For handling extended video lengths, the paper introduces an inference strategy combining overlapping frame interpolation with key-frame referencing. This novel segment-wise processing strategy enriches the scaling consistency by referencing historical key frames, thereby reducing drift and enhancing depth coherence across lengthy sequences.

Figure 3: Video depth estimation accuracy enhances across varying frame lengths, achieved through optimized inference techniques.

Experimental Evaluation

Through stringent evaluations against contemporary methods such as NVDS, ChronoDepth, DepthCrafter, and DepthAnyVideo, the proposed model demonstrates top-tier performance in both geometric precision and temporal constancy across multiple datasets, establishing new benchmarks in zero-shot video depth estimation.

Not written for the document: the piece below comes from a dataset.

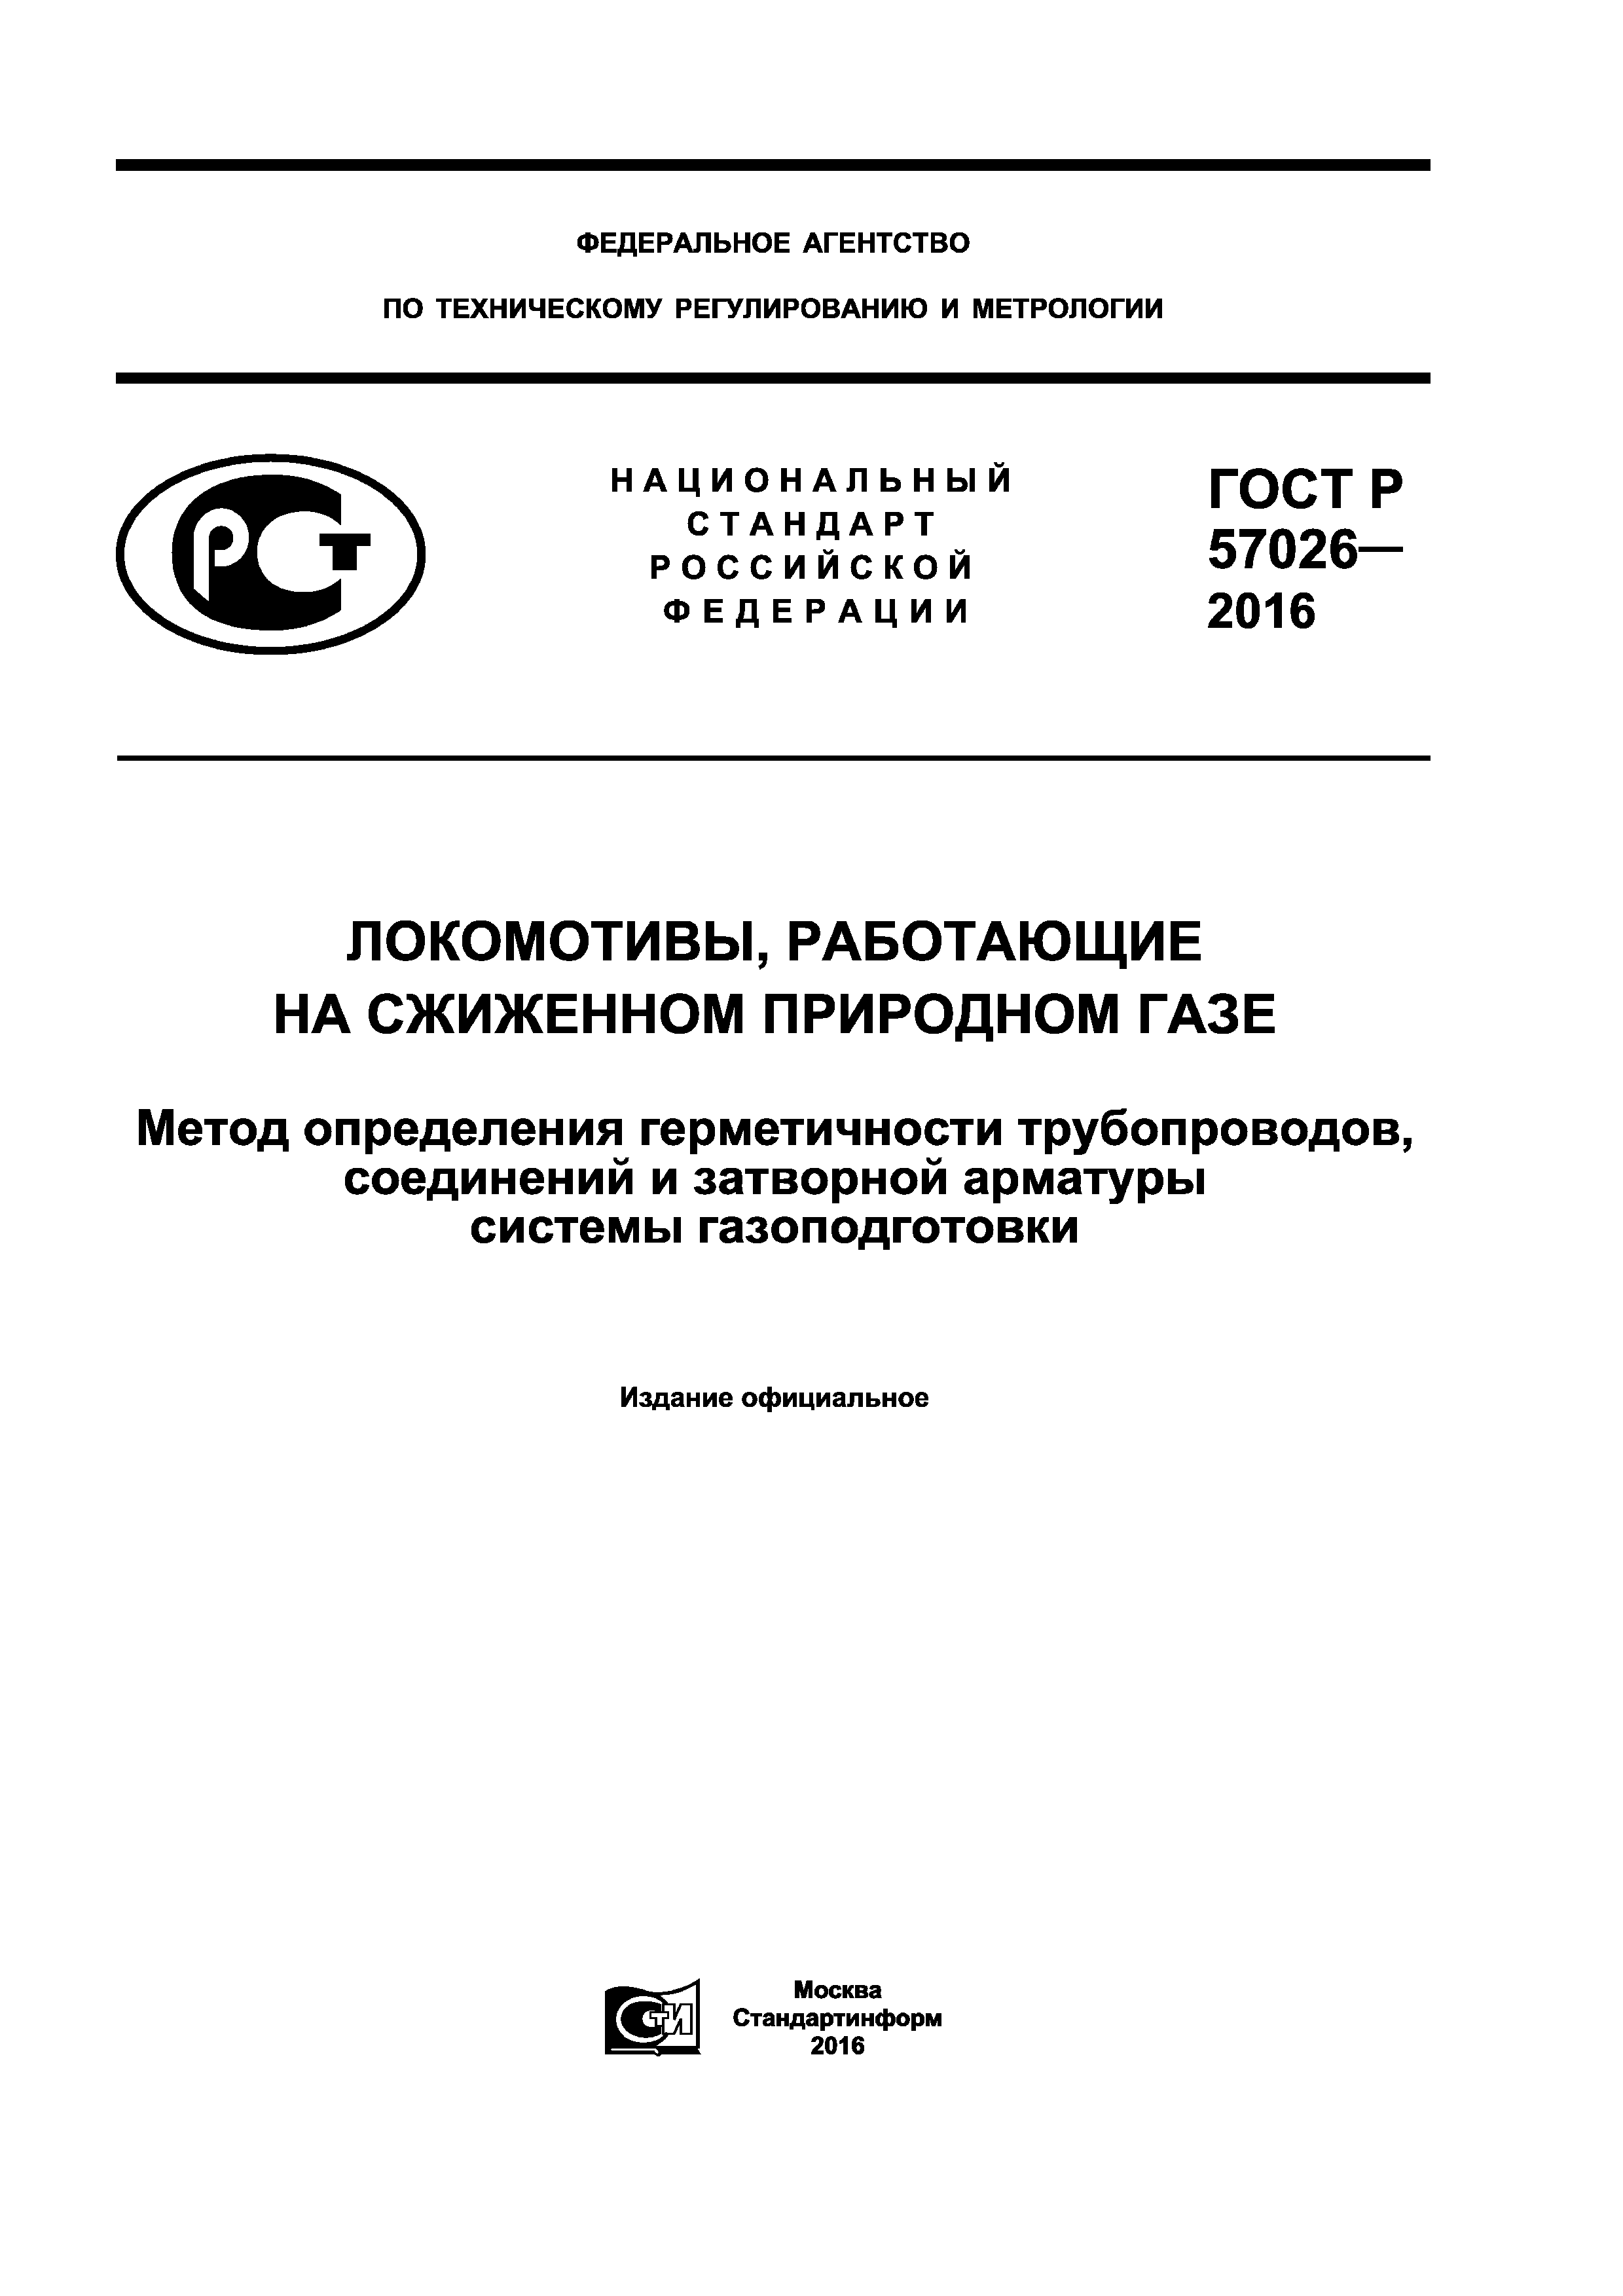 ГОСТ Р 57026-2016
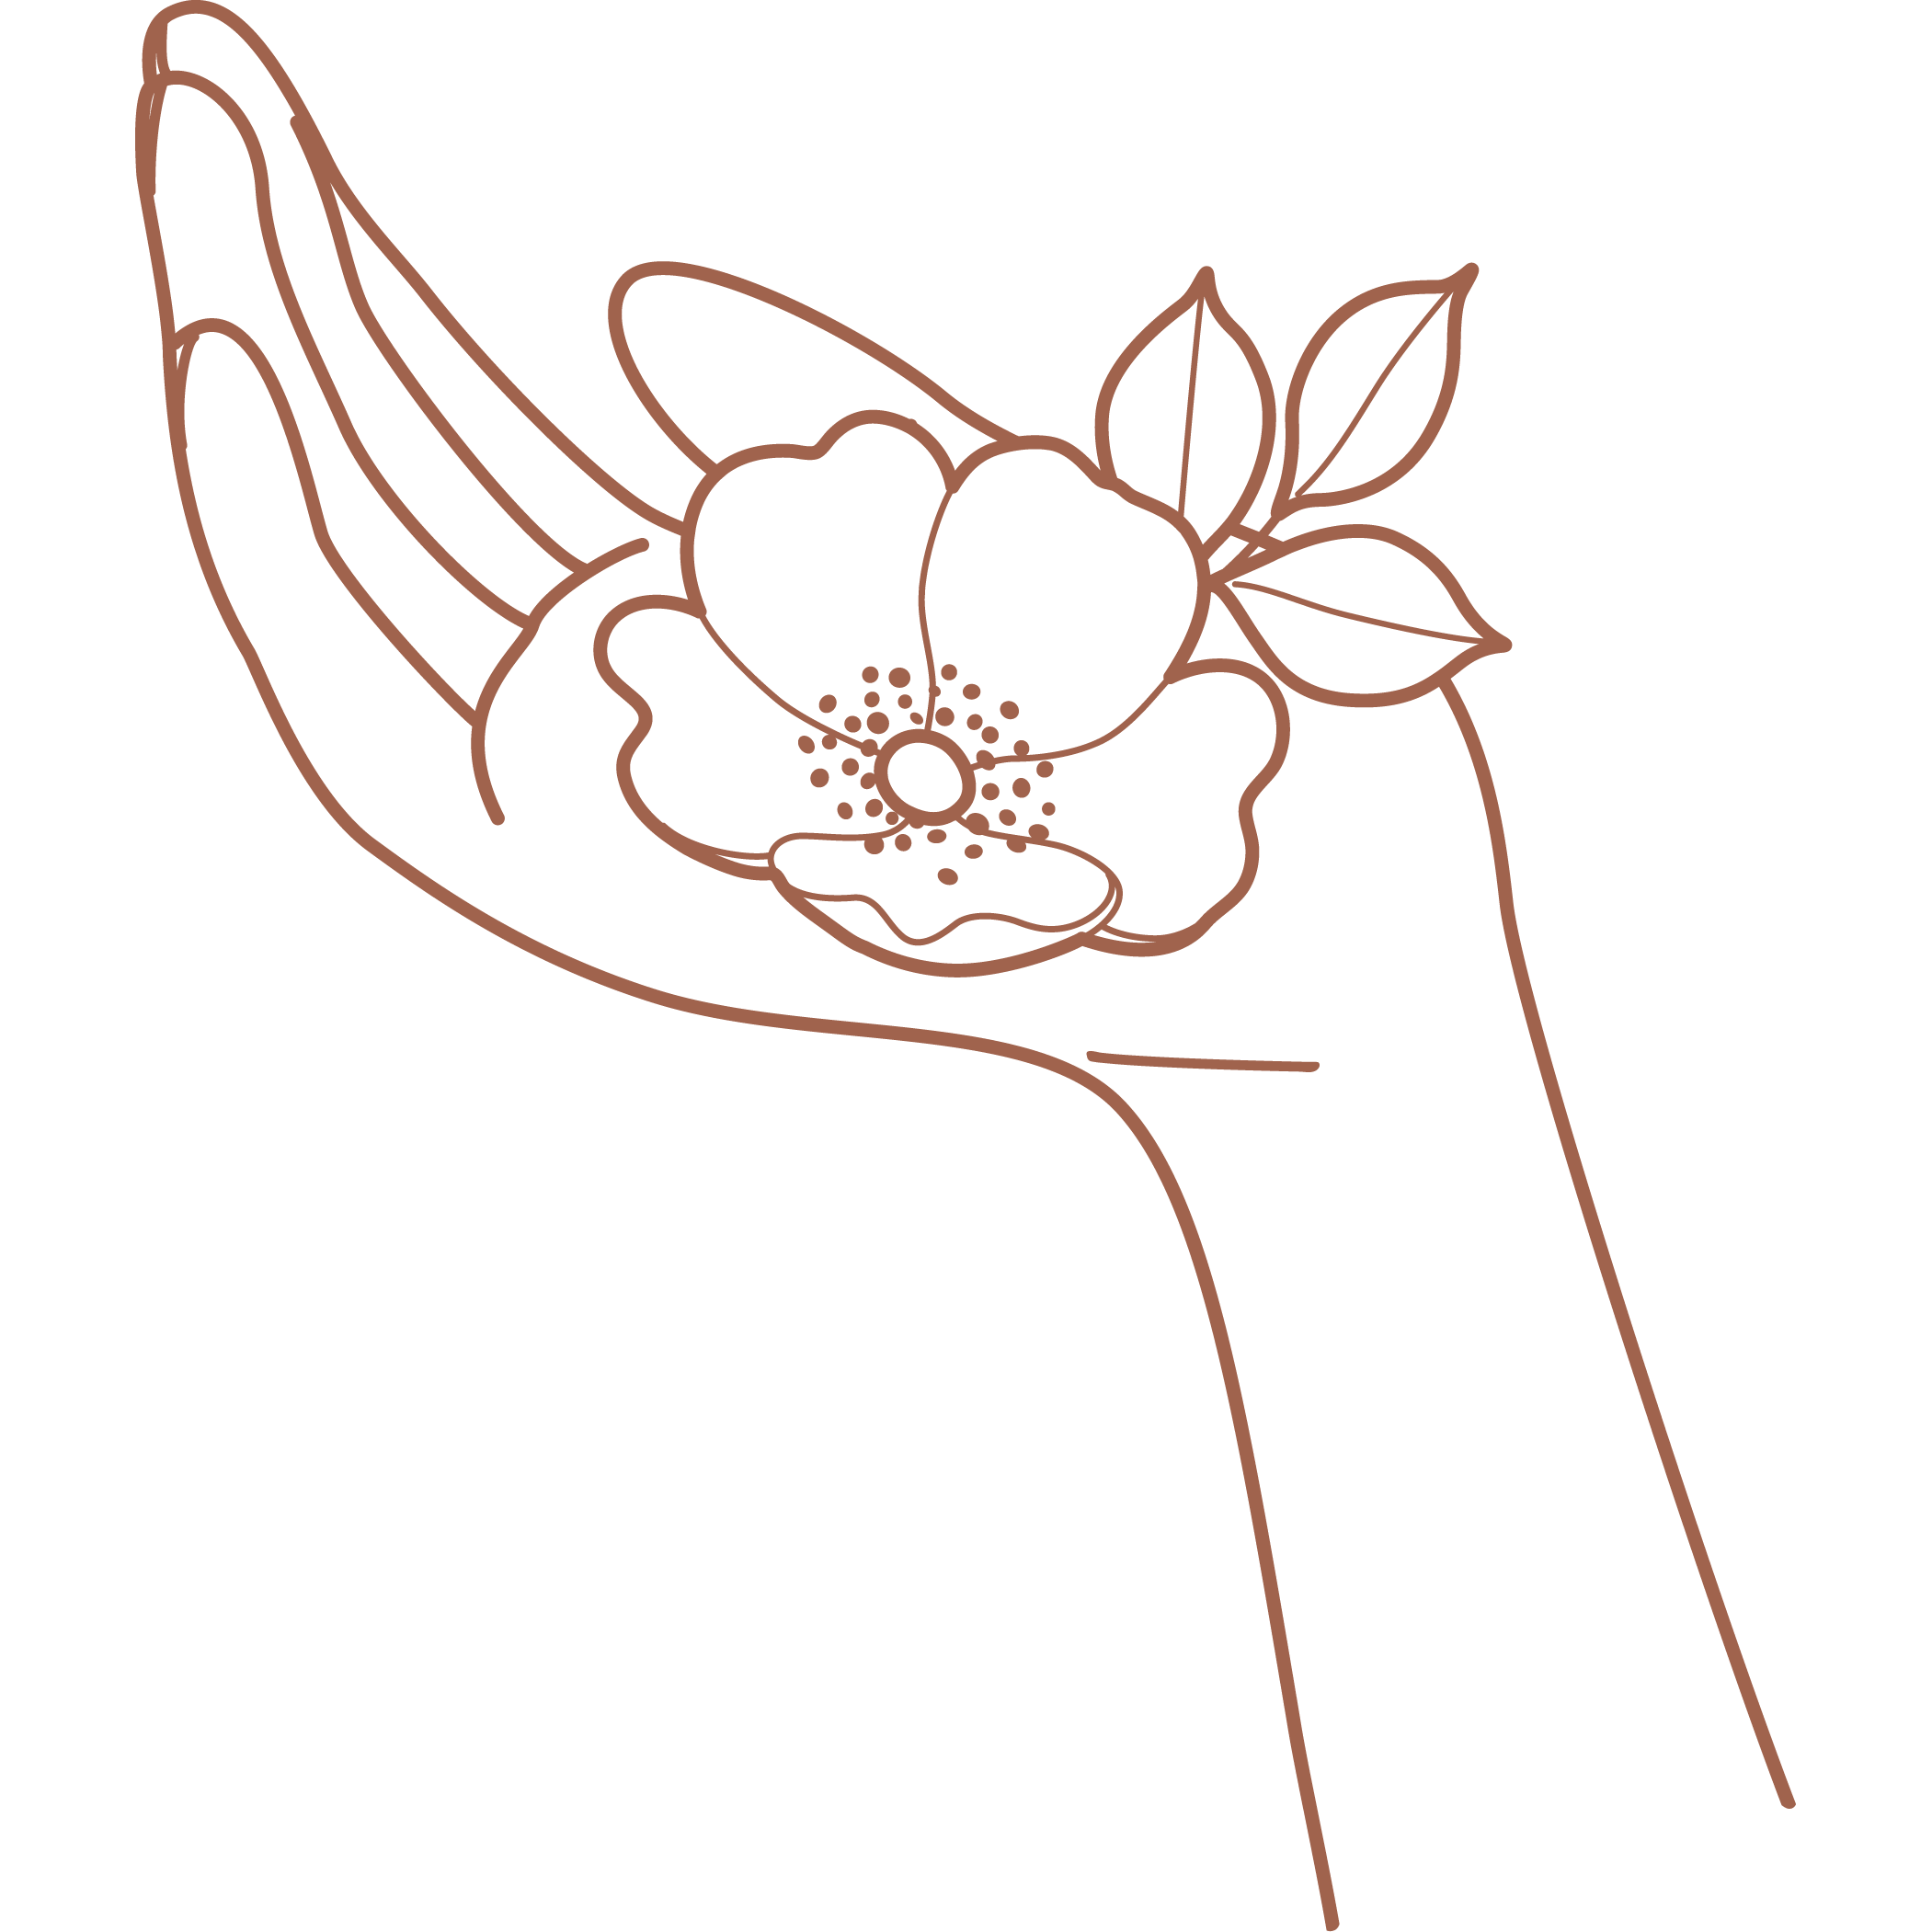 A sketch of an open hand holding a flower petal gently

Qualitative measures show that the reconstructed depth maps by the model offer superior long-term consistency and spatial accuracy without significant overhead, making it highly suitable for real-world applications.

Figure 4: Real-world long video depth estimations demonstrate the superiority over existing methods.

Conclusion

In conclusion, Video Depth Anything ensures robust, consistent, and efficient depth estimation for super-long videos, outperforming current state-of-the-art methods in both spatial and temporal dimensions. This aligns with applications in robotics, augmented reality, and advanced video editing, where consistent depth maps are imperative. Future work could focus on maximizing model scalability for diverse real-world datasets, potentially integrating additional temporal priors for further enhanced efficiency.